WORK TASK: Print the lines in the listing below starting at the line with "Magnet Neodim DREPTUNGHIULAR" and ending at the line with "home living space", both included. Reproduce them exactly and omit every picture.

MATERIAL FOR THIS EXERCISE:
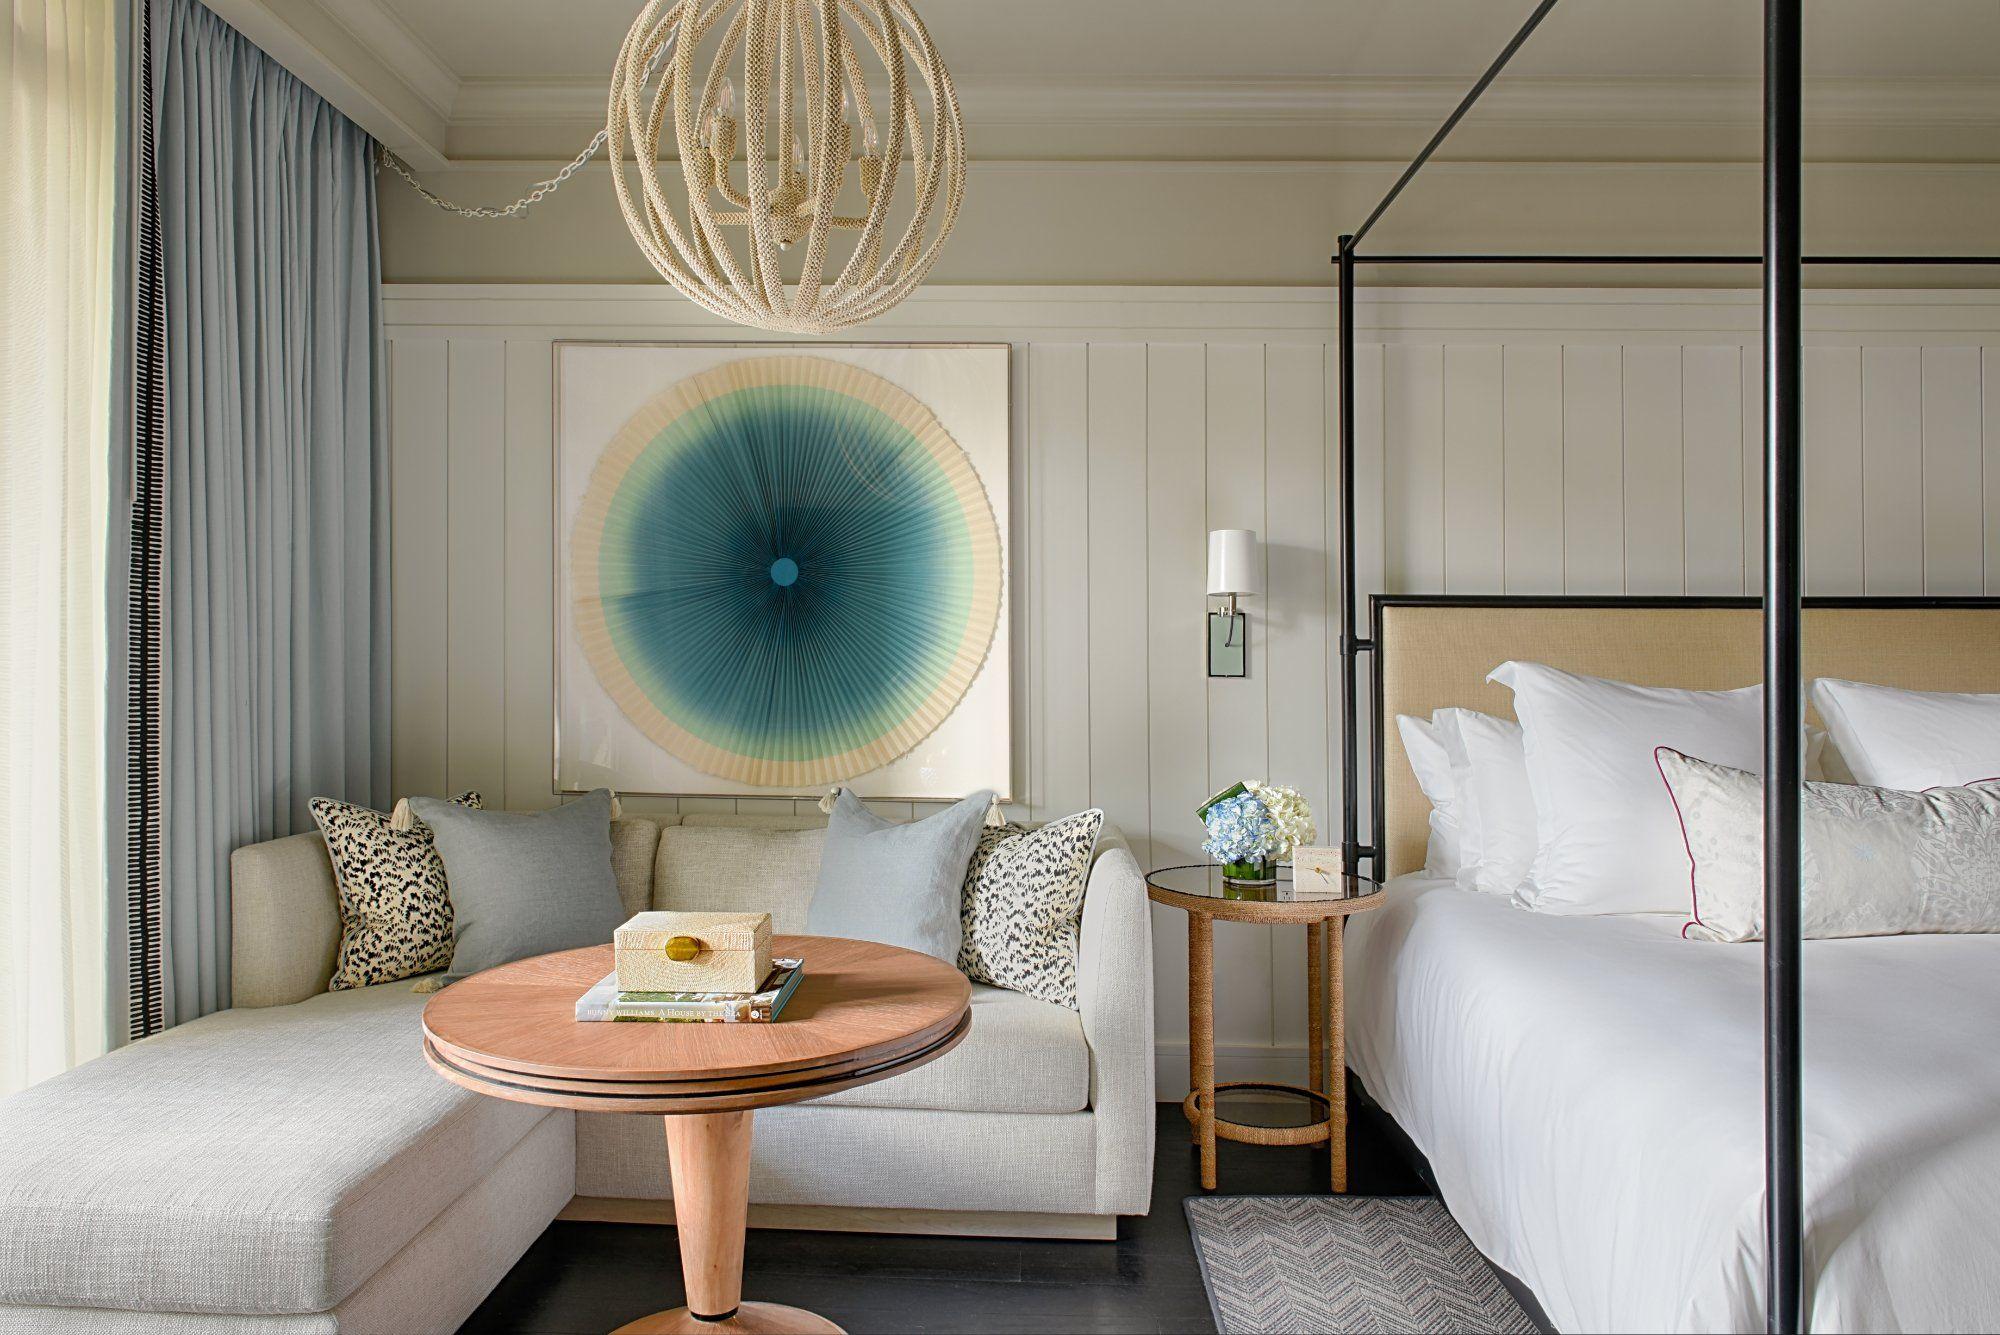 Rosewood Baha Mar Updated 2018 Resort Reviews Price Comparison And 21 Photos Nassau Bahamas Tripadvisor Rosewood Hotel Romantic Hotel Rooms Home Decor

---

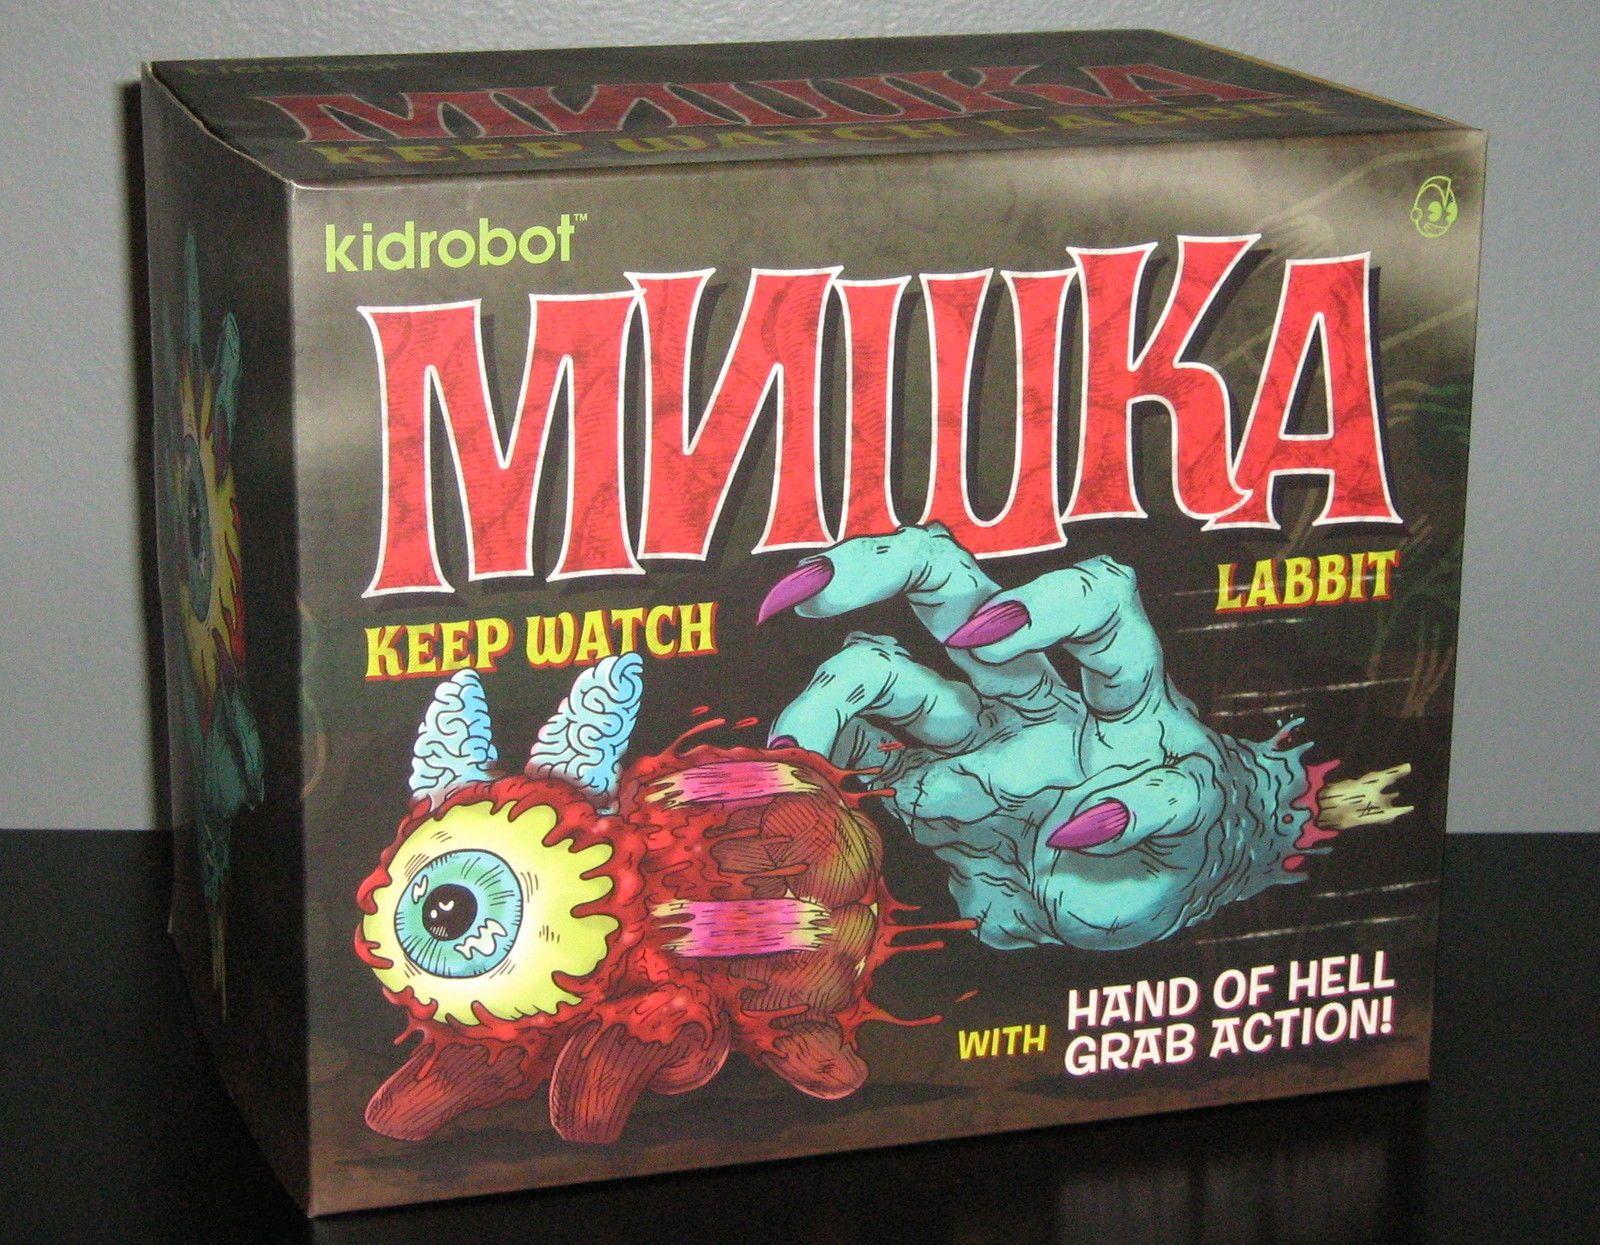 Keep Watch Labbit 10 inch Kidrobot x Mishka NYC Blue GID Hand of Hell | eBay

---

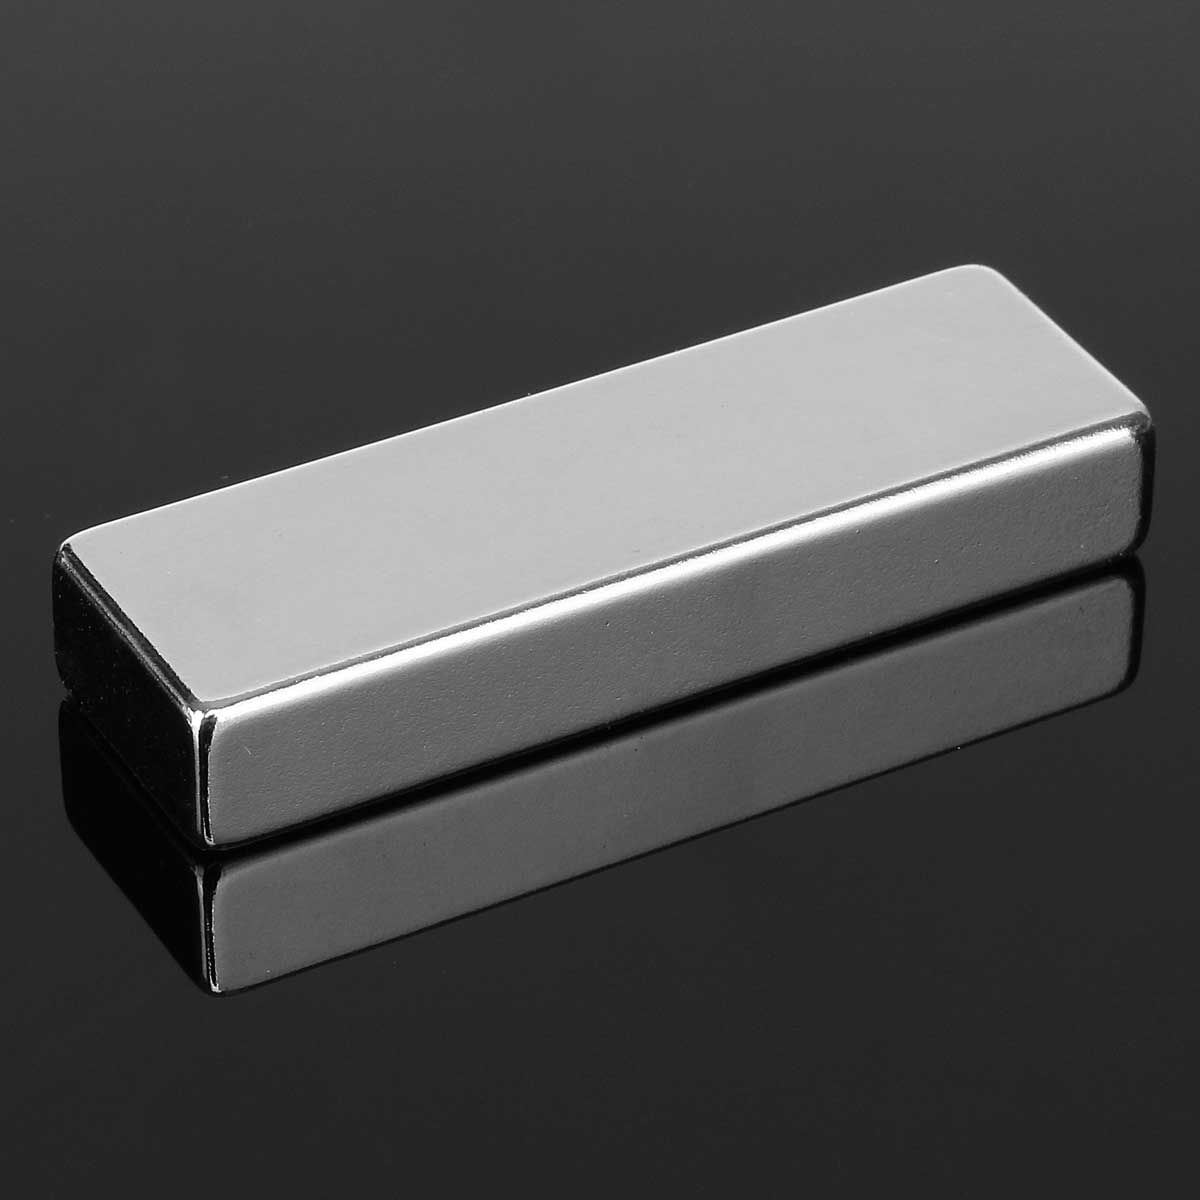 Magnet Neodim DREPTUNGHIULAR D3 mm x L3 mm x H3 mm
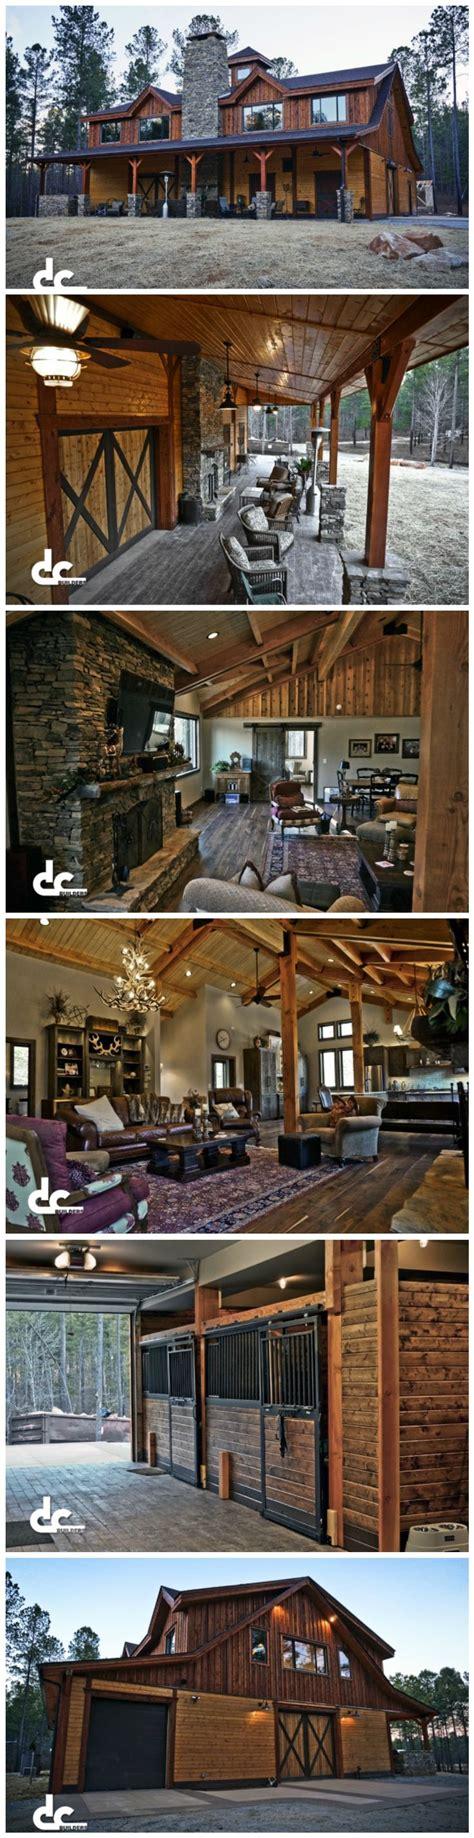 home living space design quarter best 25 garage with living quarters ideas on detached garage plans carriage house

YOUR SOLUTION:
 Magnet Neodim DREPTUNGHIULAR D3 mm x L3 mm x H3 mm
 home living space design quarter best 25 garage with living quarters ideas on detached garage plans carriage house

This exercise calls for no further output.